Repeat exactly what runs from the line containing "Anime Cute Girl" through the last line of the material below. Do not copy the pictures.

Input data:
————————

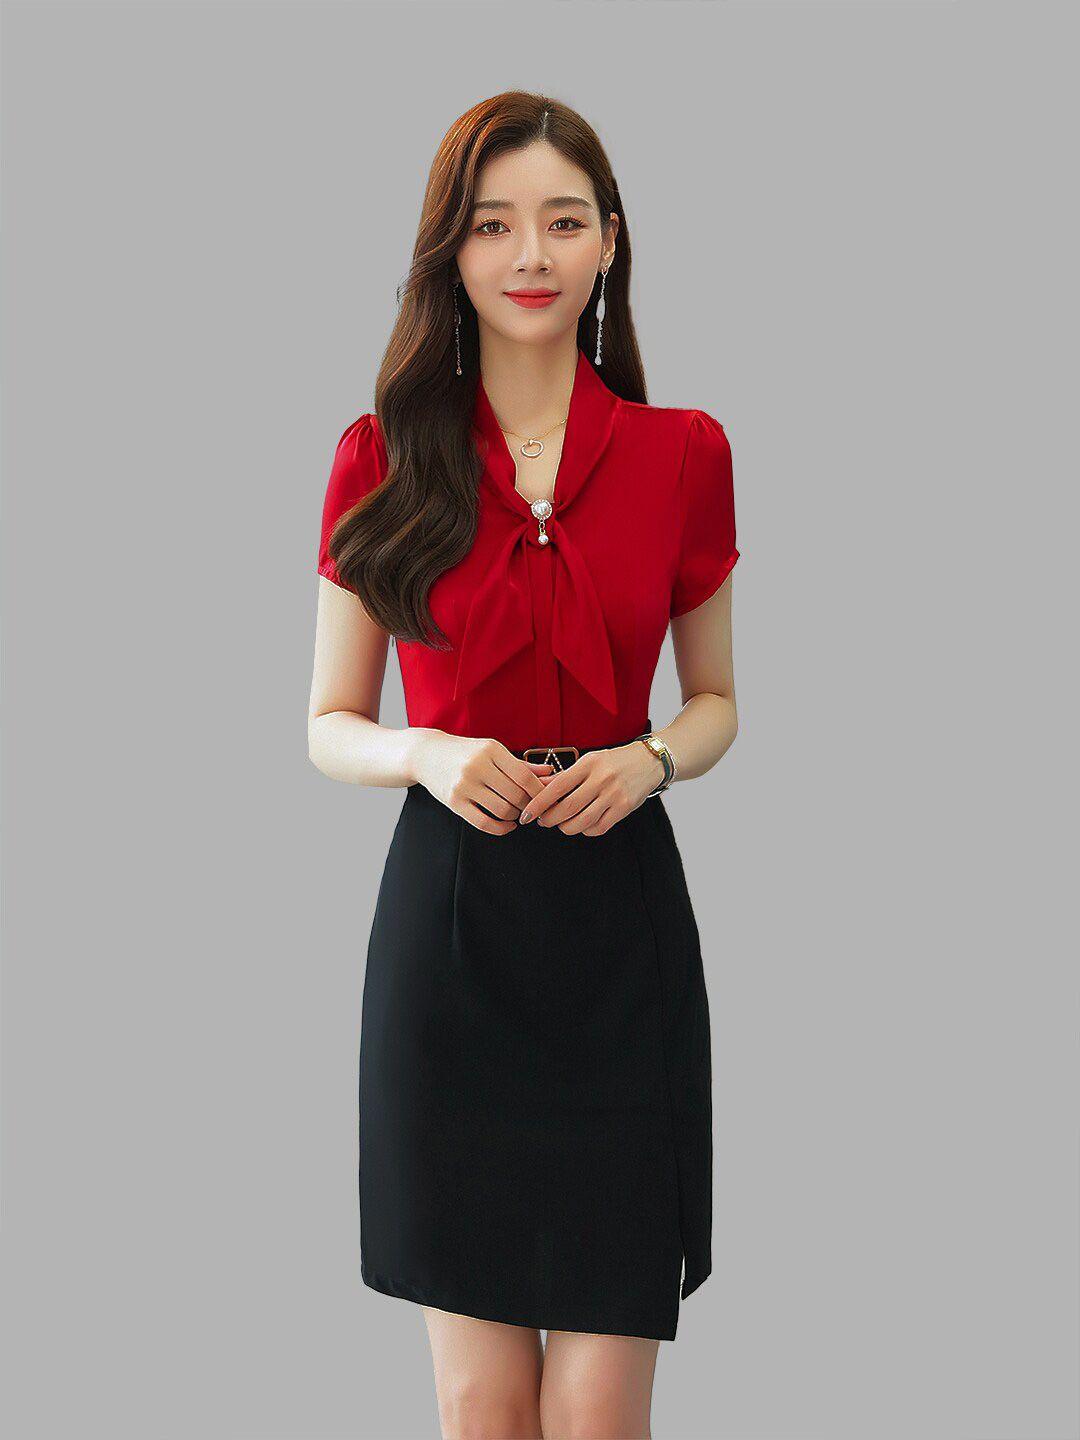 jc collection women red & black colourblocked sheath dress
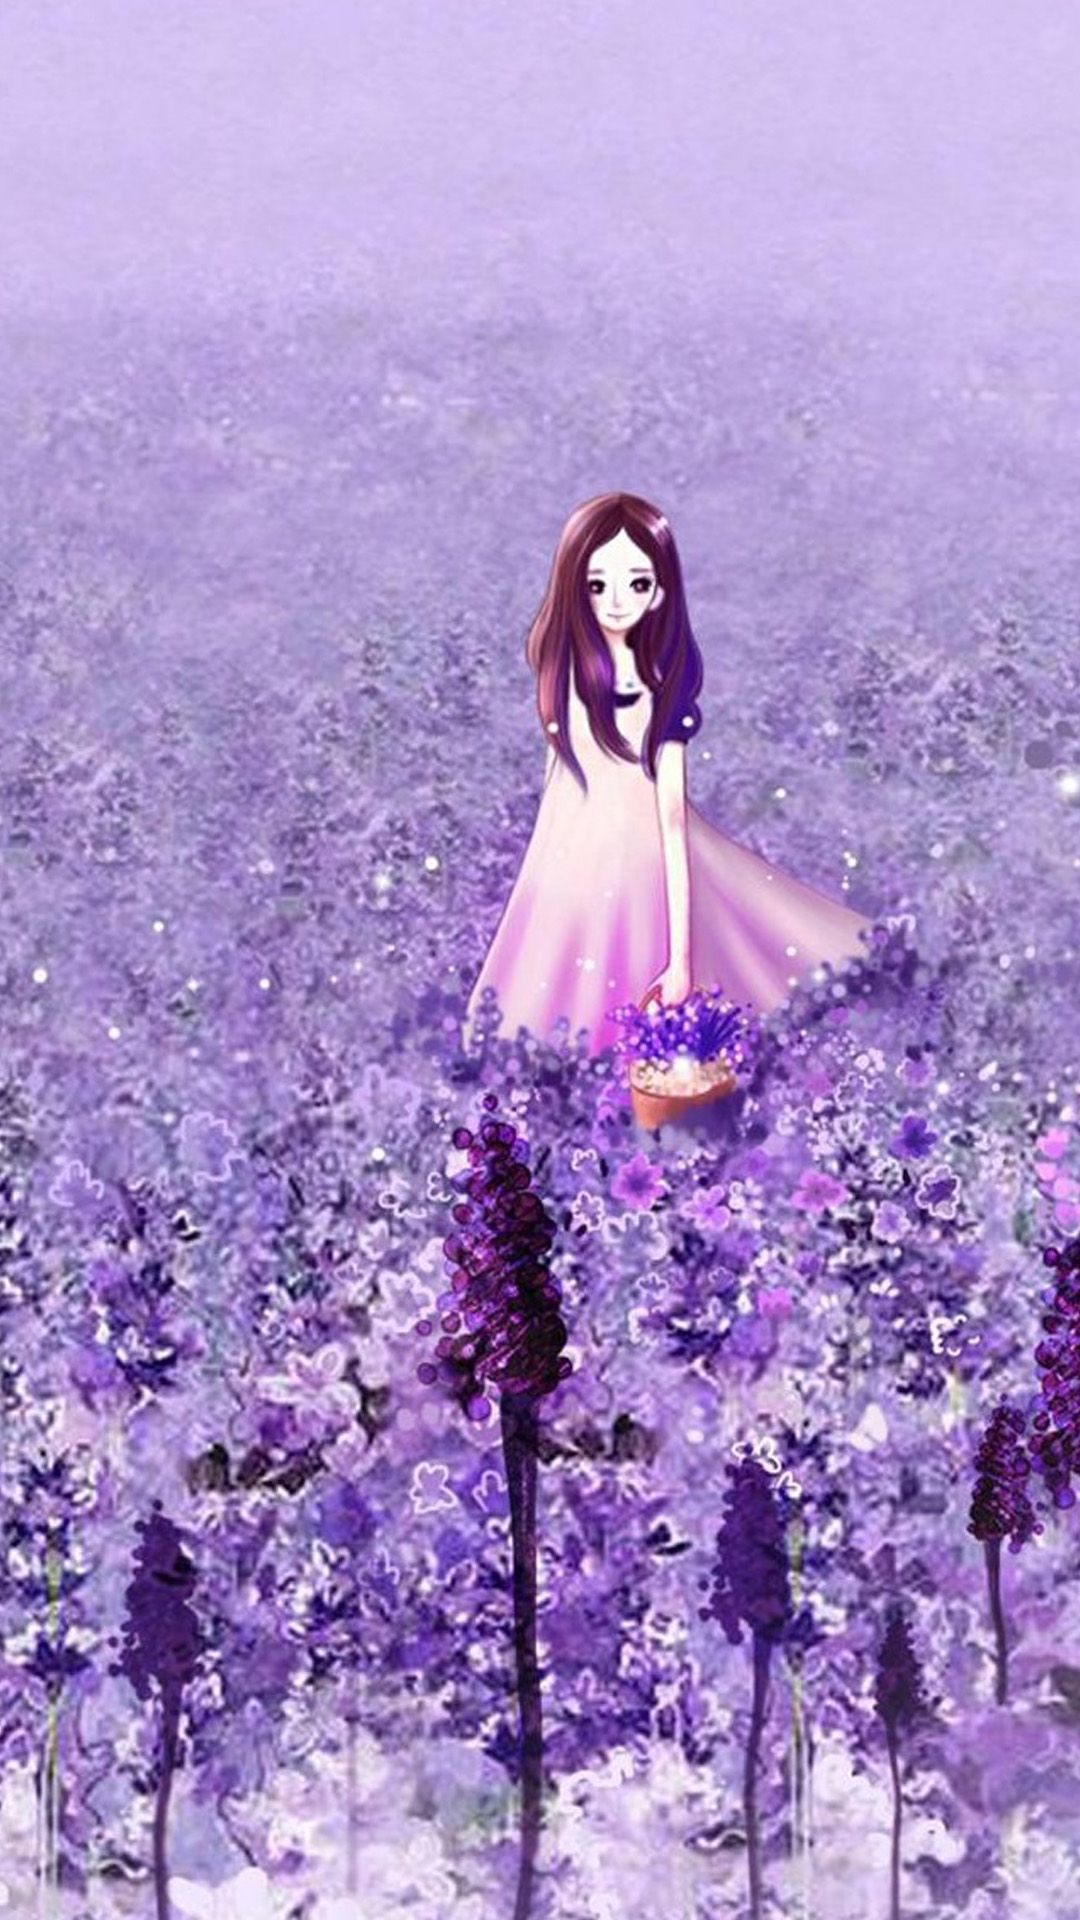 Anime Cute Girl In Purple Flower Garden iPhone 8 Wallpaper. Hình
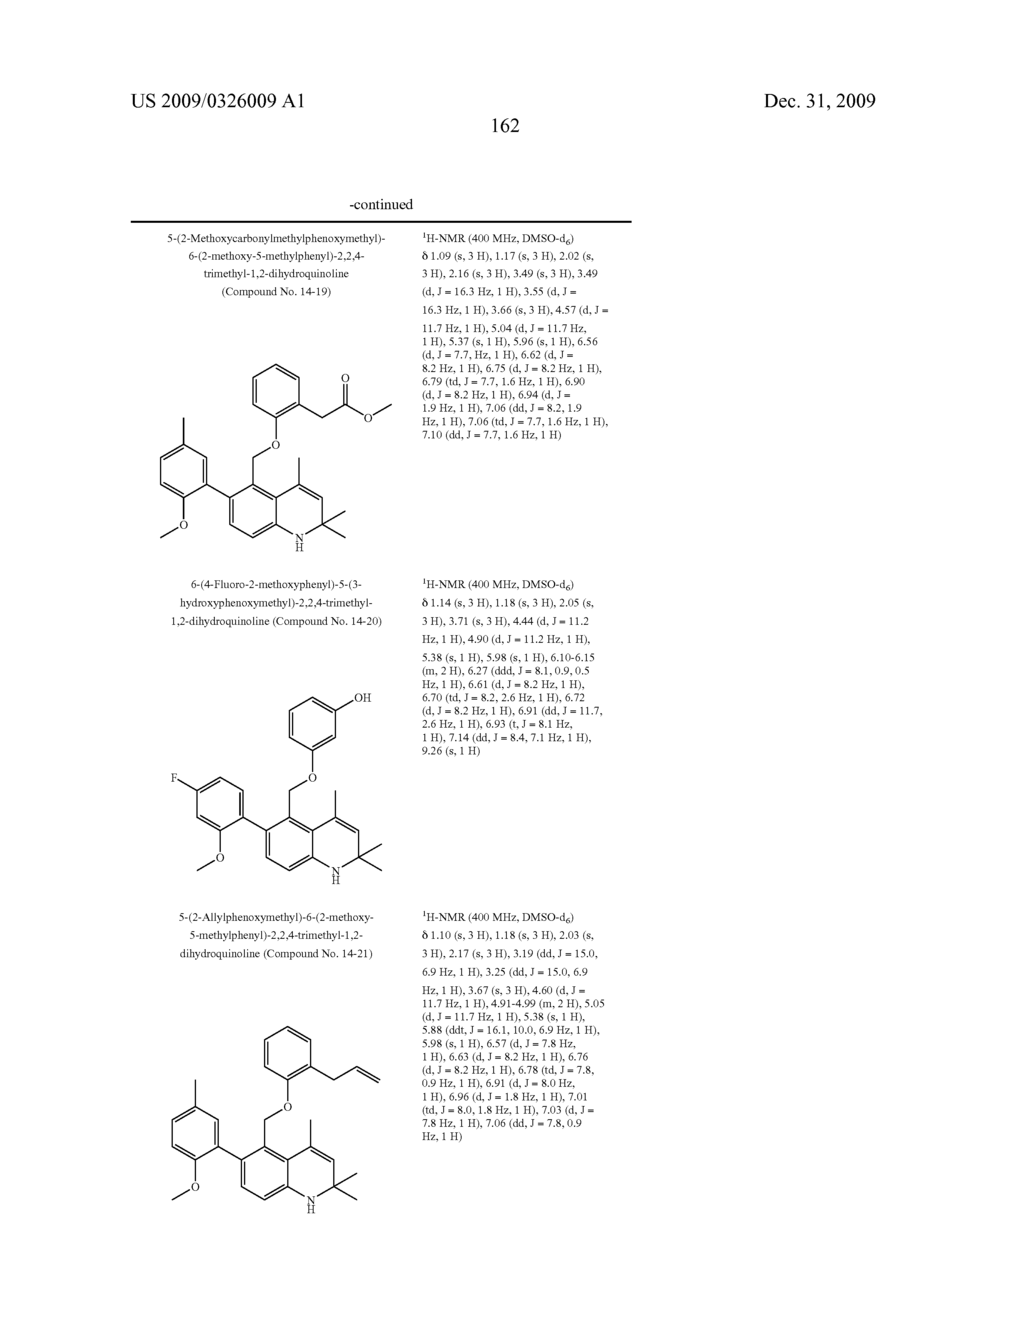 Novel 1-2-Dihydroquinoline Derivative Having Glucocorticoid Receptor Binding Activity - diagram, schematic, and image 163
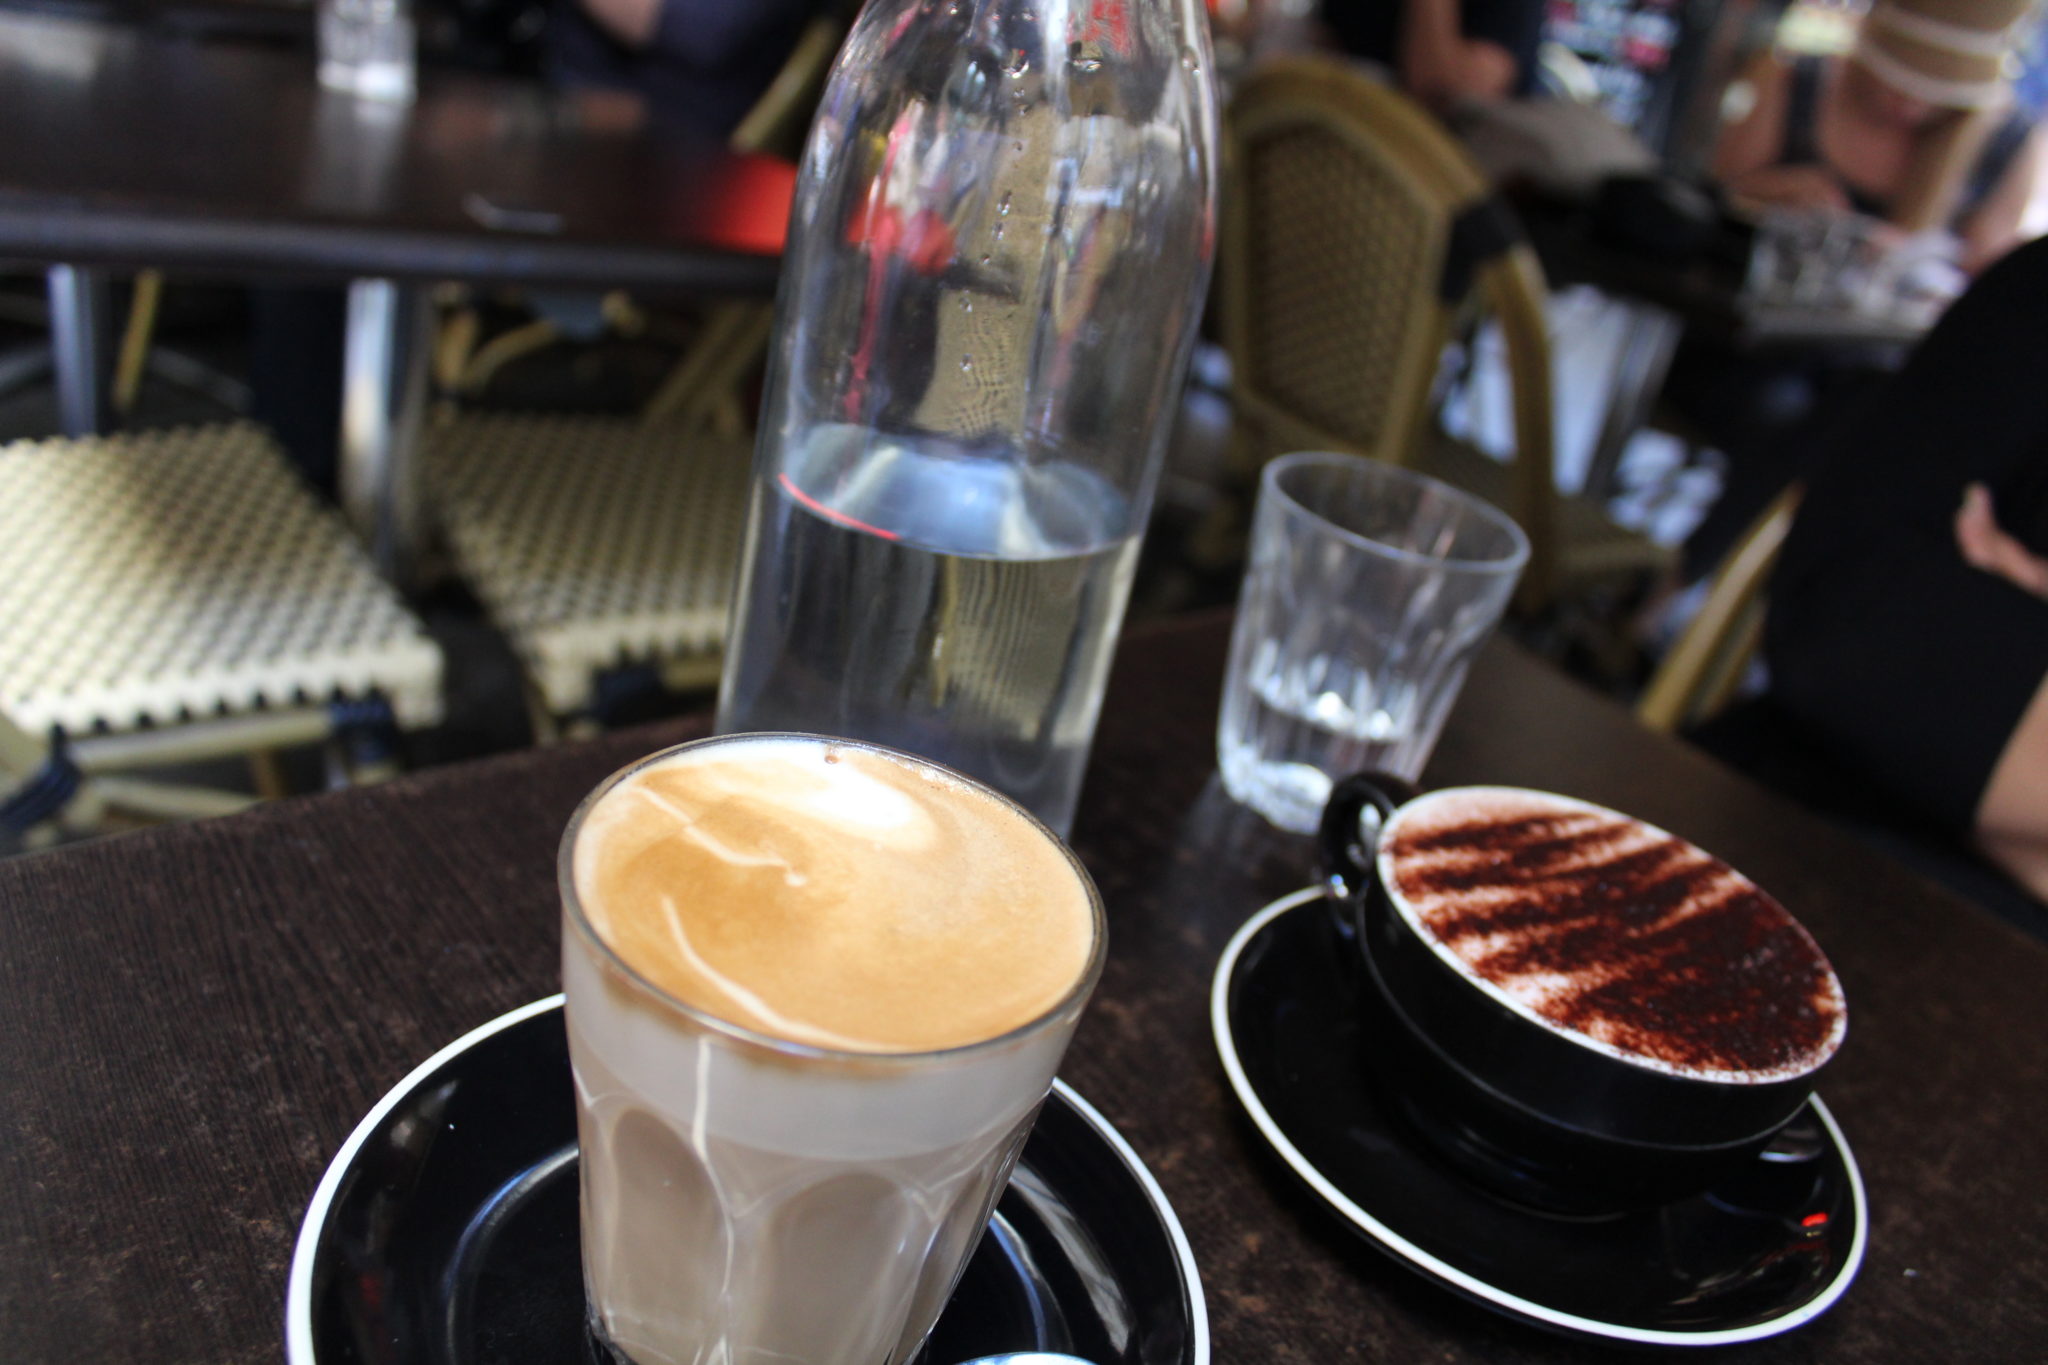 Melbourne’s best caffè latte?

————————

Answer to this task:
 Anime Cute Girl In Purple Flower Garden iPhone 8 Wallpaper. Hình
 Novel 1-2-Dihydroquinoline Derivative Having Glucocorticoid Receptor Binding Activity - diagram, schematic, and image 163
 Melbourne’s best caffè latte?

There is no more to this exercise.